— Кто такой Саруман? — спросил Пиппин. — Вы знаете его историю?
— Саруман – колдун, — ответил Древобородый. — Больше я ничего не могу сказать. Я не знаю истории колдунов. Они появились вскоре после того, как большие корабли впервые приплыли по морю. Но приплыли ли они на этих кораблях, я не знаю. Саруман считался среди них величиной. Некоторое время назад – вы, наверное, сказали бы: давным-давно – он пустился странствовать по земле, стал вмешиваться в дела людей и эльфов и поселился в Ангреносте, или Исенгарде, как его называют роханцы. Сначала он держался тише воды, ниже травы, но его слава стала расти. Говорят, его избрали главой Белого Совета – но ничего хорошего не вышло. Сейчас я стал задумываться вот над чем: может быть, Саруман уже тогда вступил на путь зла? Как бы ни было, прежде он никогда не причинял беспокойства соседям. Я, бывало, беседовал с ним – он частенько бродил по моим лесам. В те дни он был вежлив, всегда спрашивал моего позволения (по крайней мере когда встречал меня) и очень охотно слушал. Я рассказал ему множество такого, о чем он никогда не узнал бы сам, но он никогда не отвечал мне тем же. Не припоминаю, чтобы он рассказывал мне что-нибудь.
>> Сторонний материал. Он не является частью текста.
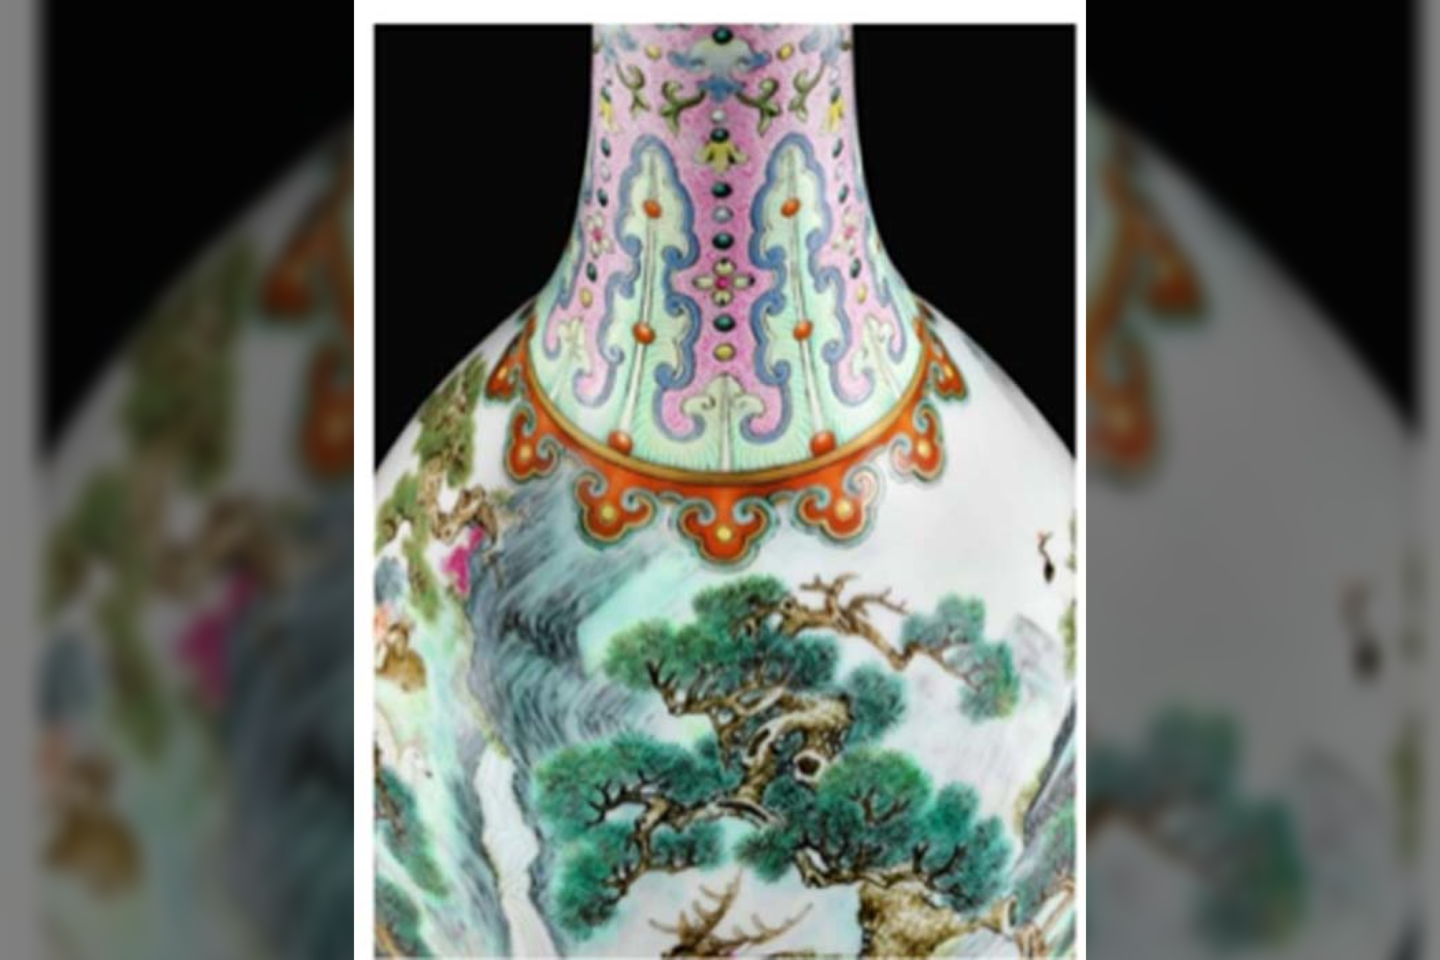 Vaza, kuri praėjusiais metais buvo parduota už 16 mln. eurų. <br>Sotheby's nuotr. 

И он становился все более и более скрытным. Лицо его, как я теперь вспоминаю, все больше напоминало окно на каменной стене, окно, закрытое изнутри ставнями.
Пожалуй, теперь я понимаю, что он замыслил. Он захотел стать Властью. Рассудок у него из металла и колесиков, и ему плевать на растения, если только те не служат ему. Теперь ясно, что он грязный предатель. Он связался с гнусным народом, с орками. Брм, хум! Хуже того: они вместе что-то затевают, что-то опасное. Эти исенгардцы сродни злым людям. Если живая тварь не выносит солнца – на ней печать зла, печать Великой Тьмы, но орки Сарумана способны терпеть его, хоть и ненавидят. Как он добился этого? Может, это люди, которых он испоганил? А может, он смешал расы – людей и орков? Это было бы черное зло!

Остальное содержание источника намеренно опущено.